Japan is practicing chip assembly in more ways than does the United States. It is pushing wire bonding to its limits and is highly successful in the use of TAB, having applied it from consumer to supercomputer packaging. The Japanese have applied and continue to apply flip chip both with solder and with conductive adhesive technologies. In addition, they are continuing to push chip on board, not only by wire bonding the chip to the board, but also by TAB bonding to board and flip chip solder bonding to organic board. In a new development Fujitsu is offering its BIT system for notebook computer applications.
Table 4.12 demonstrates Oki Electric's development plan, typical of most large Japanese companies, for all three technologies - wire bond, tape automated bonding, and flip chip. It sets the development goals for wire bond by ball bond and wedge bond technologies at a pitch of 50 microns and for TAB at a pitch of 75 microns. Japan expects to push wire bond up to 1200 I/Os on a 20 x 20 mm chip using a staggered pin configuration.
Japanese Chip Assembly Plan (Oki)
The progress and trend in TAB listed in Table 4.13 show two or more layers with an inner lead bonding pitch of 60 microns and an outer lead bonding pitch of 90 microns. On a 28 mm size chip, these leads provide in excess of 1100 I/Os. Various advancements in TAB technology are being pursued by such Japanese companies as Shinko-Denshi, NEC, Fujimitso, Mitsui-Kinzoku, Oki, and Nitto Denko.
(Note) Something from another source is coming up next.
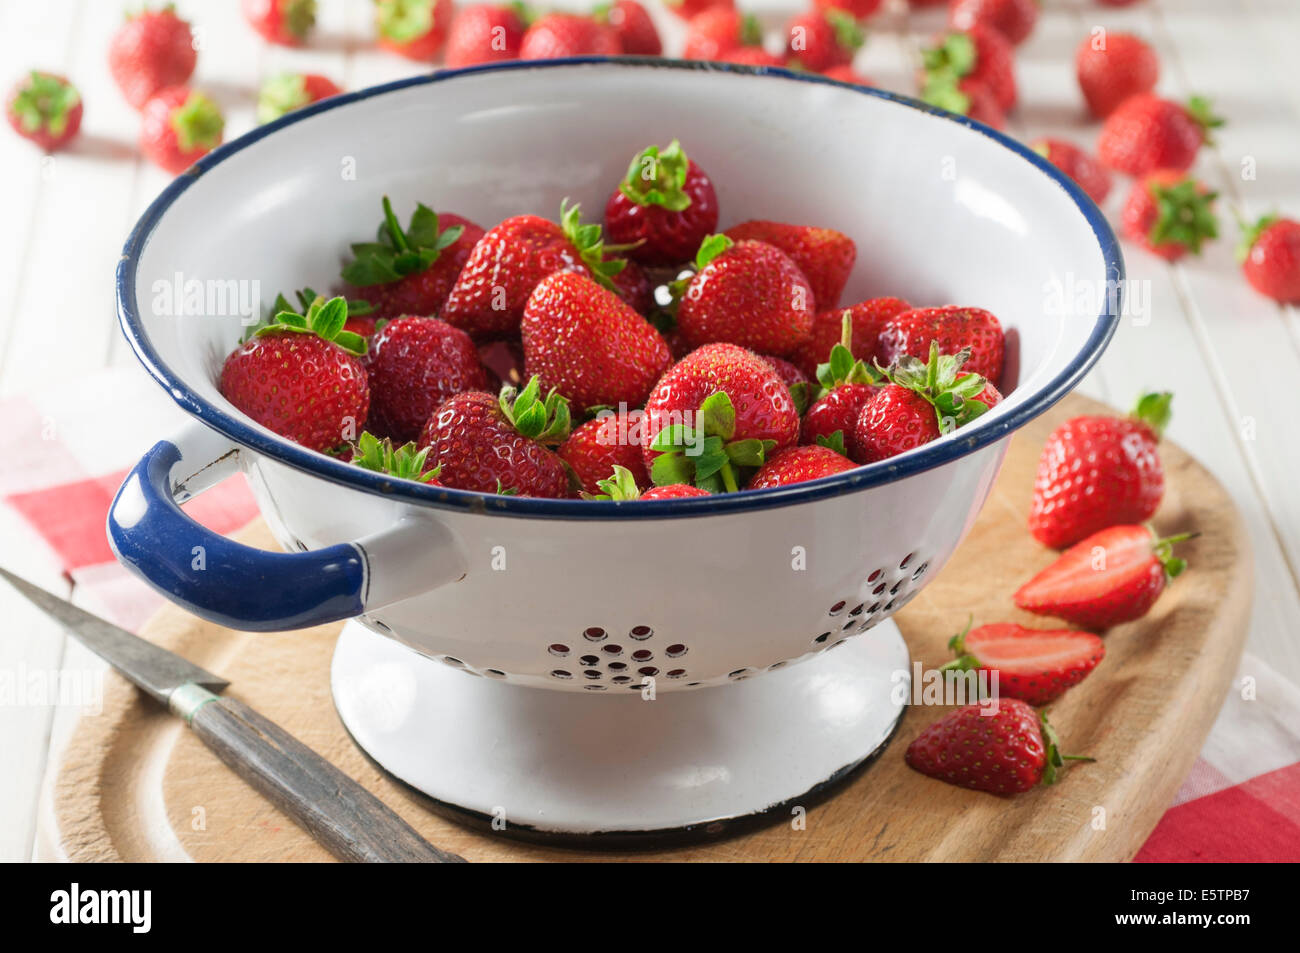 Strawberries in a colander Stock Photo
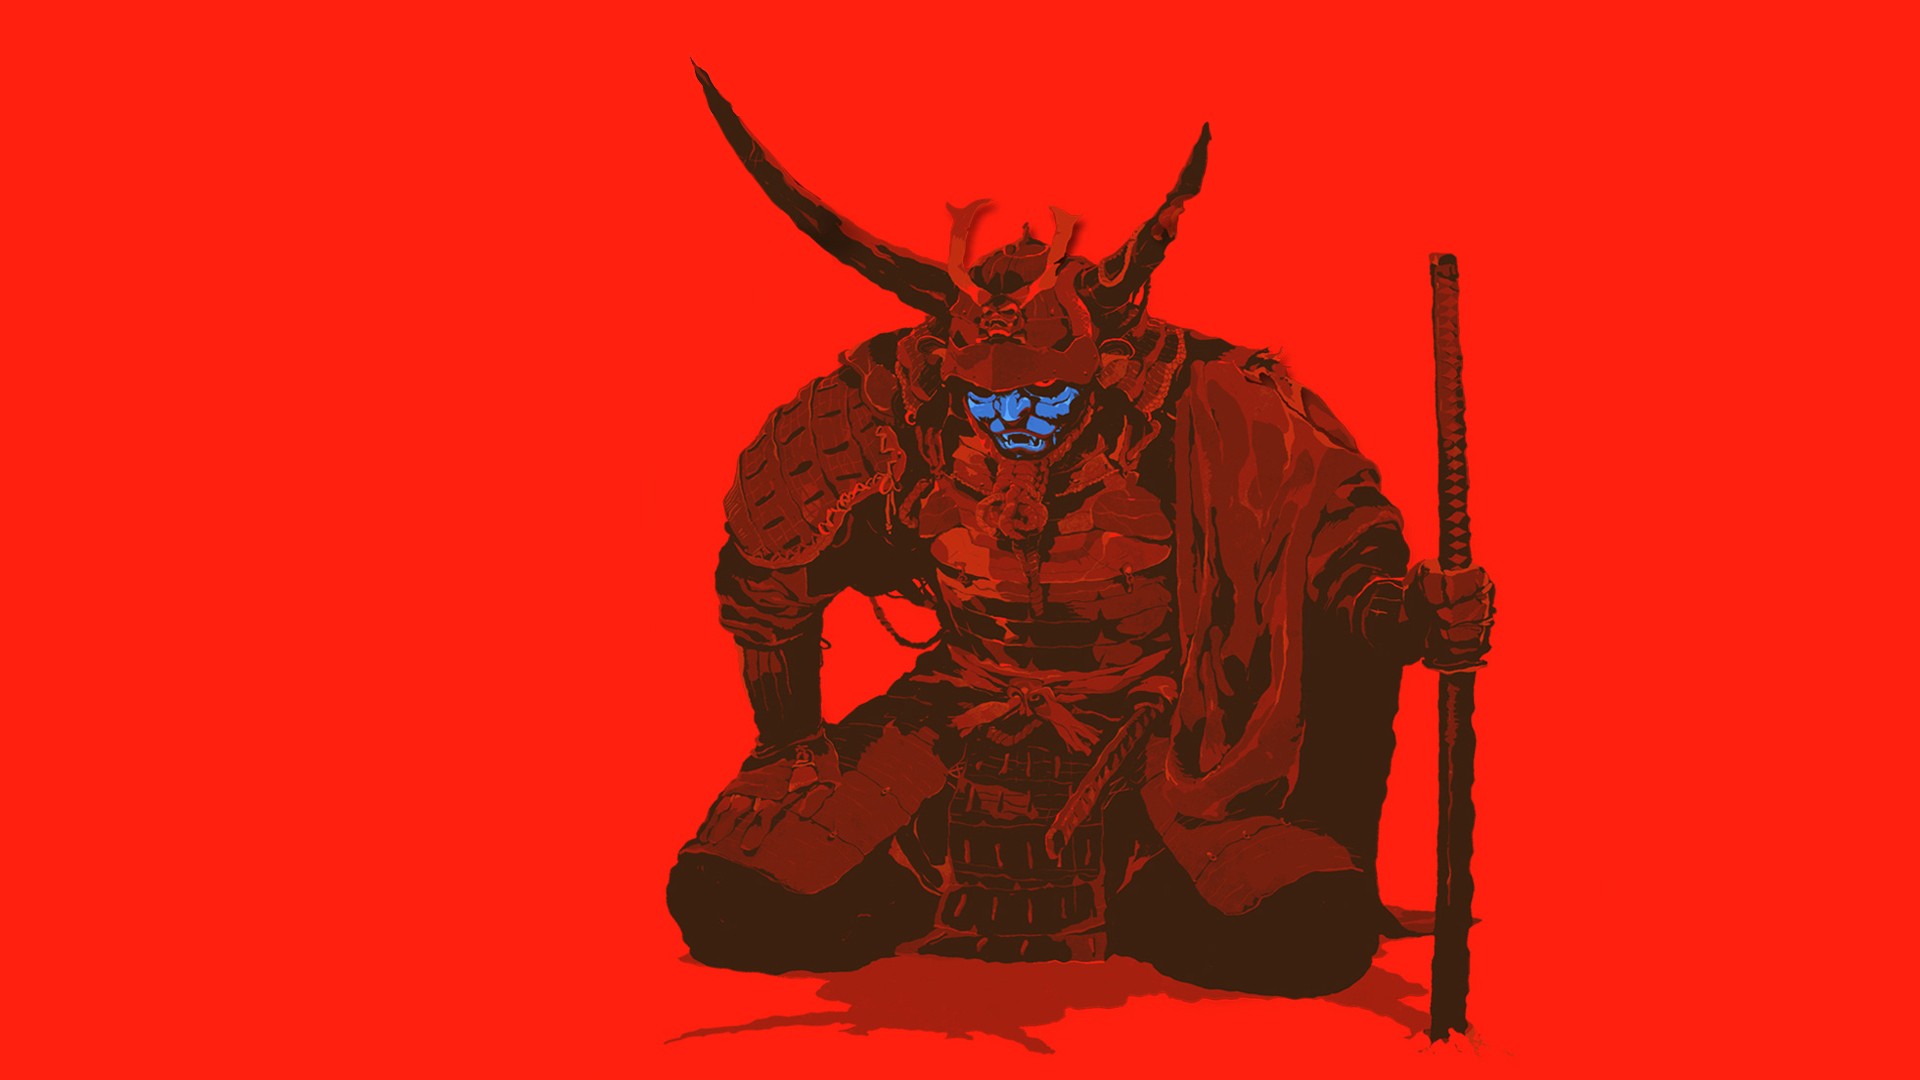 #artwork, #simple Background, #sword, #samurai, #red, - Cannibal Ox Blade Of The Ronin , HD Wallpaper & Backgrounds

Japanese TAB Package (TCP) Characteristics (Oki)
One particular enhancement of TAB being pursued by Nitto Denko is illustrated in Figure 4.25, comparing the new two-layer direct copper bonding process with a conventional three-layer process. The new process coats polyimide onto copper, the opposite of the 3M process in the United States that coats copper on Kapton or other polyimides by electroplating. The advantages of this new process, shown in Table 4.14, include high heat resistance, low moisture absorption by proper selection of polyimide, and better adhesion. There are other advantages to using this new process: (1) a very high aspect ratio - 25 micron diameter holes in a 50 micron thick film; (2) large area processing (300 x 300 mm); and (3) complete wiring patterns (both vias and lines). Nitto is also applying this technology for burn-in electrical testing, as illustrated in Figure 4.26.
Figure 4.25. Nitto process for TAB.
Advantages of the Nitto Process
Figure 4.26. Nitto bump making process.
Flip chip technology is being extensively studied by almost all major Japanese firms and is already used in products by Hitachi and IBM (Japan). The Hitachi flip chip, together with microcarrier BGA assembly to next-level package (mullite glass-ceramic), is illustrated in Figure 4.27. The microcarrier, which is only bigger than the chip itself by about 2 mm, is a single-chip carrier fabricated with seven-layer mullite ceramic and five levels of polyimide-aluminum thin-film technology. Flip chip enhancements being pursued by Japanese electronic companies generally consist of one of two approaches - solder bonding (including Pb-Sn, Pb-In), and conductor adhesive bonding. Bump technology itself, like Fujitsu's bump integration technology (BIT), is generating considerable interest. One example is illustrated in Figure 4.28 using thin-film and electroplating processes. In contrast, the Germans are pursuing electroless-plate bumping, while the British are trying gold ball bumping by wire-bonding tools.
Figure 4.27. Microprocessor carrier (BGA) for LSI (Hitachi).
Figure 4.28. Bump fabrication process (Sharp).
The flip chip bonding receiving the greatest interest in Japan is the technology IBM (Japan) pioneered as an extension of IBM (U.S.) flip chip technology developed three decades ago. It involves direct bonding of a bumped chip to a PWB by the use of low- temperature solder that is hot-injection-deposited onto PWB through a mask. The challenge here is to develop a thermally compatible encapsulant to reduce the strain on the solder joint arising from the great mismatch in thermal expansions between PWB (17 PPM) and chip (3 PPM).
Figure 4.29 illustrates a tenfold strain reduction when the encapsulant is used between the PWB and the chip. This discovery has major implications for the Japanese packaging industry, particularly for consumer electronics, as it allows Japanese investments in PWB to be incrementally improved over the next decade. Figure 4.30 shows the eutectic solder to be more effective than high-Pb solder (95/5) in achieving the desired fatigue life.
Figure 4.29. Effects of encapsulation on strain in
solder (IBM Japan).
Figure 4.30. Effects of encapsulation and solder
composition on strain in solder (IBM Japan).
Japanese manufacturers have used and continue to use chip-on-board technology using wire bond to PWB.